3. Predictions Based on Theory- and Data- Driven Perspectives

To guide our analysis and interpretation, we present two complementary sets of predictions derived from distinct sources: (1) a theory-driven framework integrating EPF, WCC, and NCH; and (2) a data-driven framework grounded in the empirical MMN literature. This approach ensures that our expectations are both conceptually motivated and empirically constrained. Predictions are formulated for two levels of analysis: temporal principal component analysis (t-PCA) and representational similarity analysis (RSA). t-PCA will be used to decompose the ERP signal into temporally distinct components (e.g., early MMN, late MMN), from which amplitude and latency estimates are derived. RSA will assess the structure of neural representations across conditions.

3.1. Theory-Driven Predictions (Based on EPF, WCC, and NCH Frameworks)

Here, we make some predictions from the tentative local vs. global processing framework (Table 1), which integrates the core tenets of EPF (enhanced local processing), WCC (impaired global integration), and NCH (escalating deficits with complexity).
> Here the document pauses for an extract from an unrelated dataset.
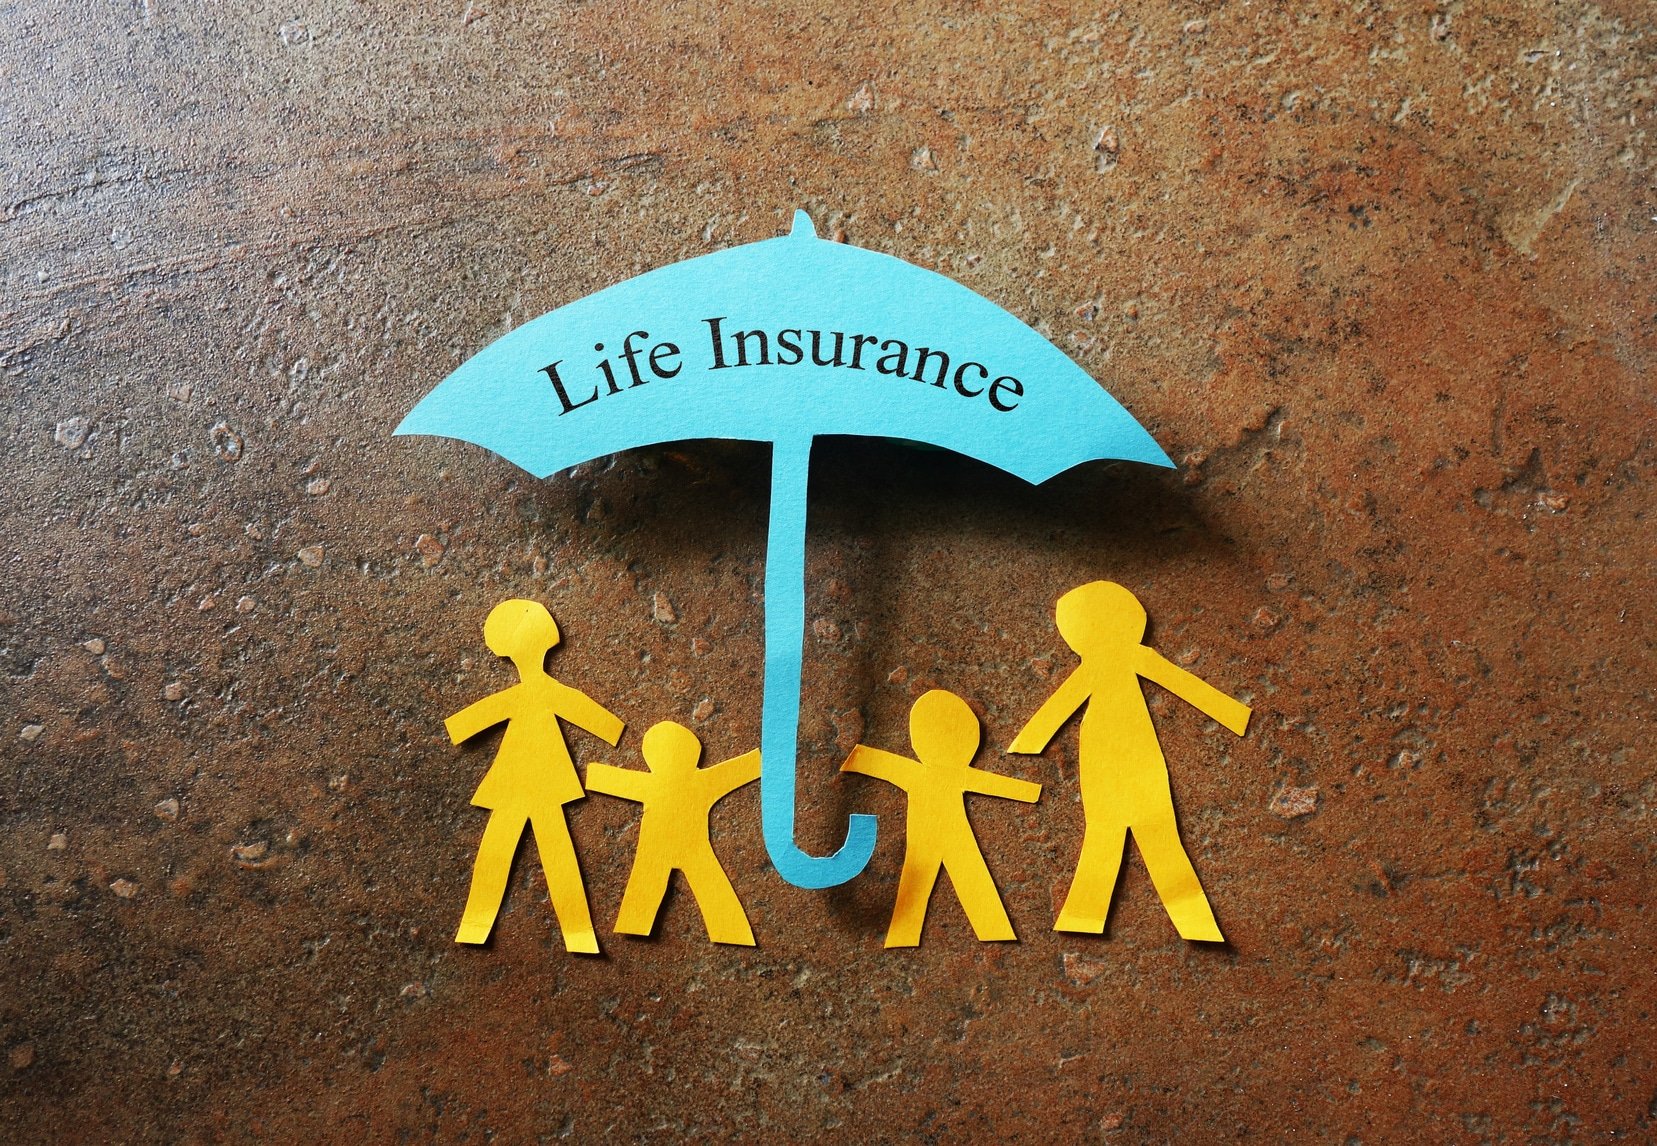 Term Life Insurance vs Whole Life Insurance The Key Differences Outlined
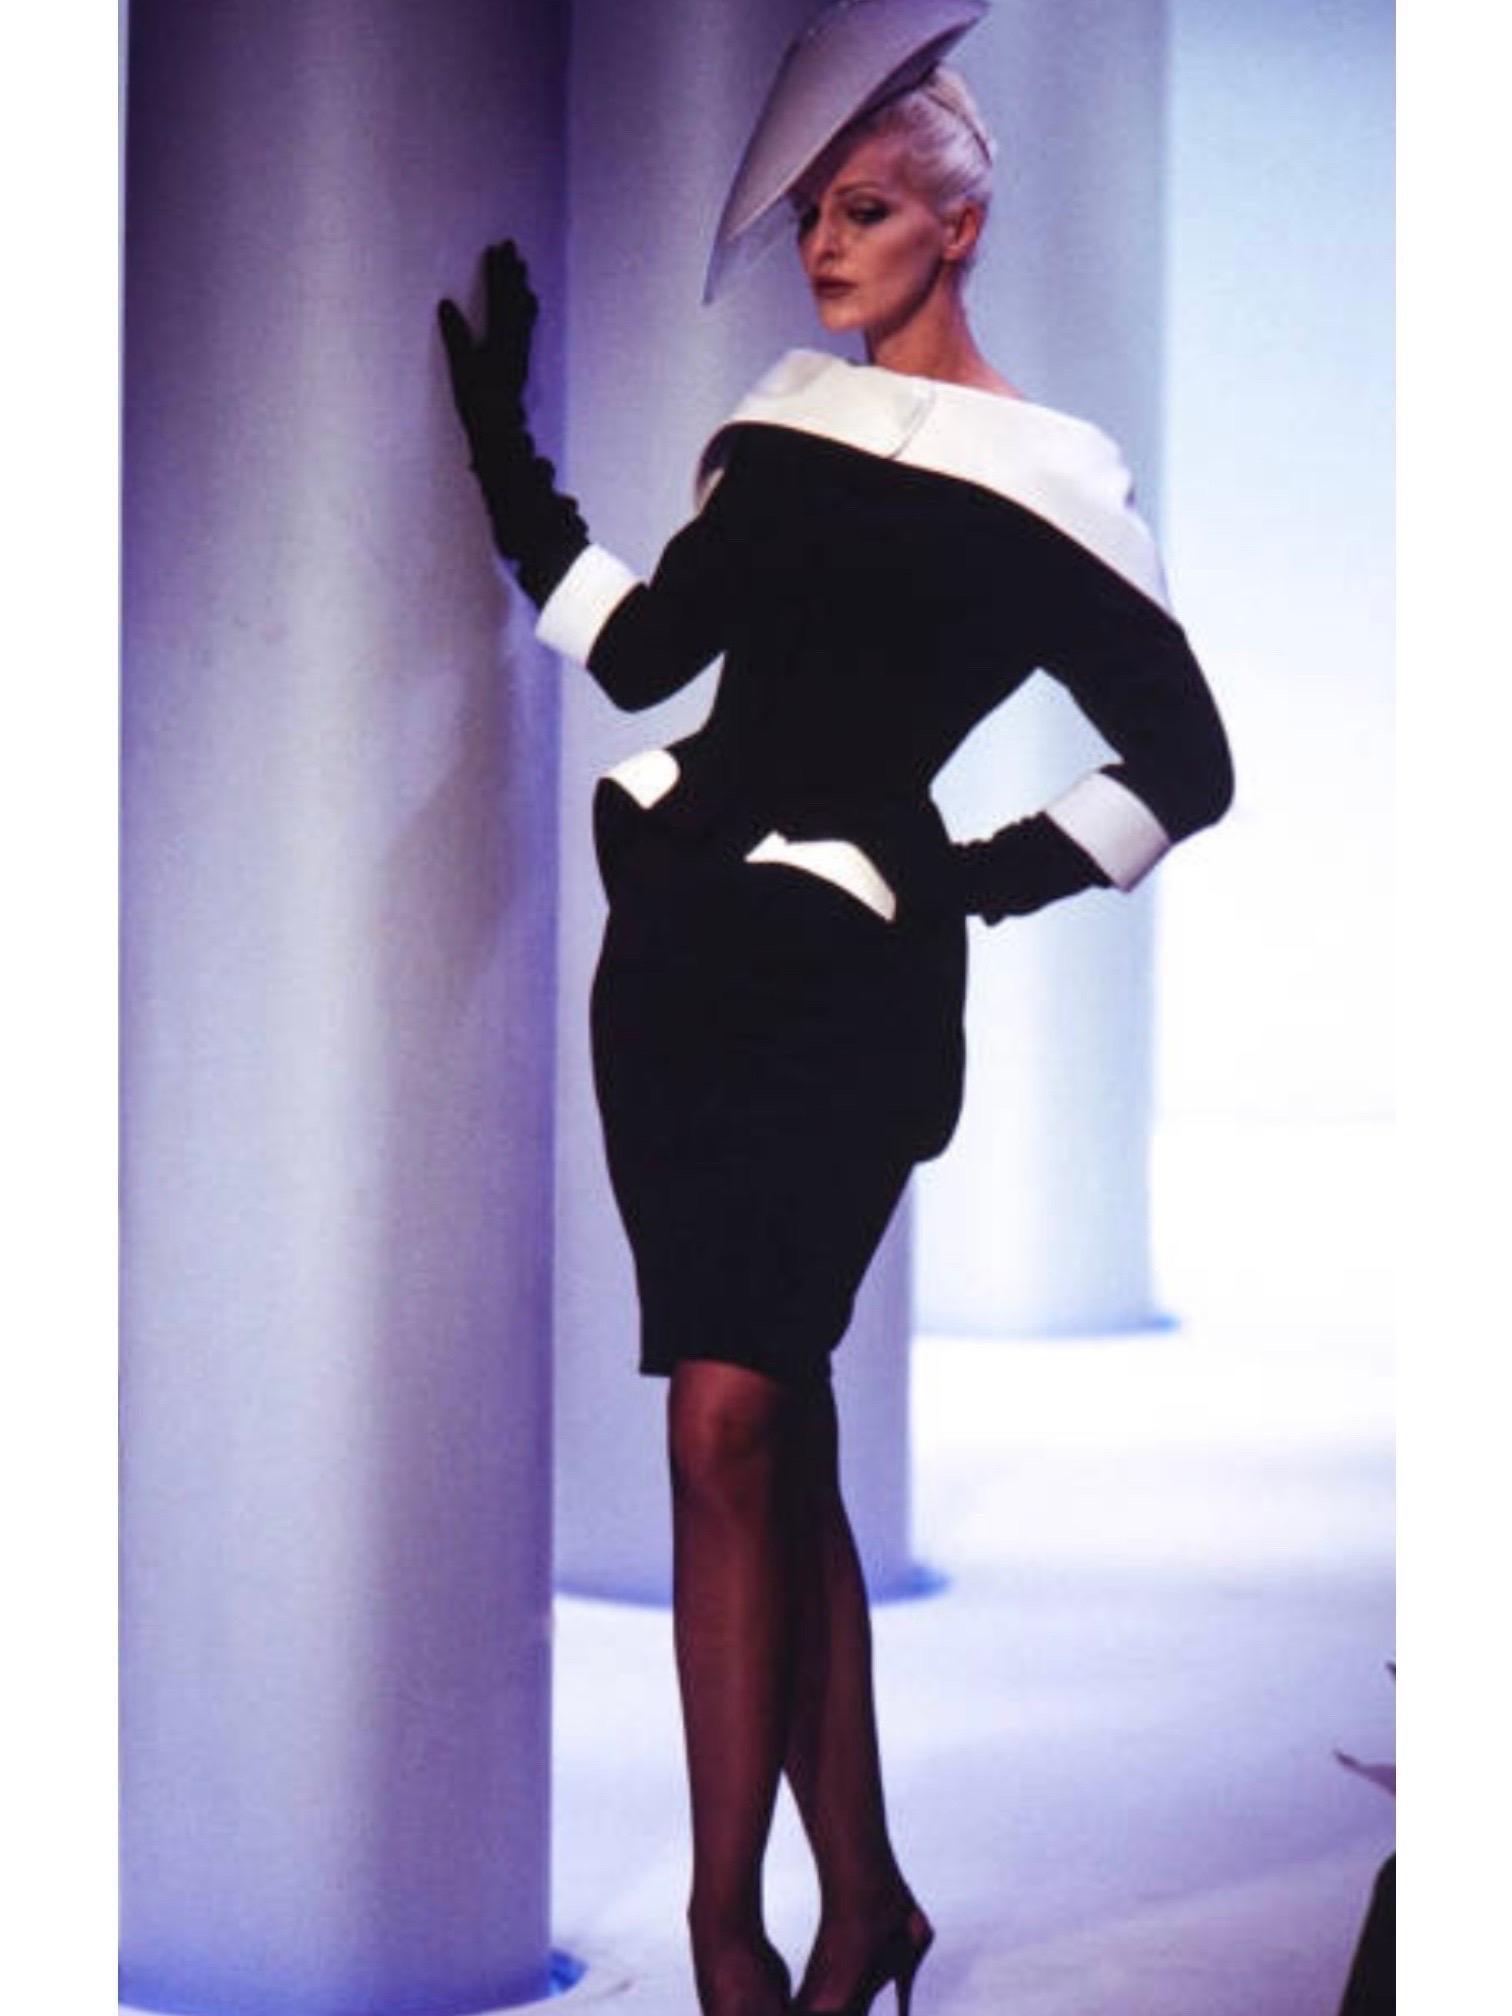 Own a piece of fashion history with this extraordinary documented Thierry Mugler Spring Summer 1996 skirt suit. Black and white jacket with a large folding collar and a large white statement button on the collar. Classic Mugler form with dramatic

We focus on the eMMN and lMMN components and treat this framework as provisional and testable, acknowledging that the local/global distinction may not fully capture the neurophysiological reality of speech perception.

3.1.1. t-PCA-Level Predictions (P)

P1 (Component Variance): The proportion of variance explained by temporally decomposed MMN components (eMMN, lMMN) will be lower in the ASD group for multi-feature deviants (V + T, C + T, C + V + T), reflecting less structured neural responses under high integrative demand.

P2 (Factor Scores): Factor scores for MMN-related components will be significantly reduced in the ASD group, particularly for tone-involving conditions (T, V + T, C + T, C + V + T), consistent with a global integration deficit.

P3 (Temporal Dynamics): The ASD group will show a delayed peak in late MMN (lMMN) components across all conditions, with the greatest delay observed for triple-feature deviants, supporting NCH’s prediction of cascading processing delays.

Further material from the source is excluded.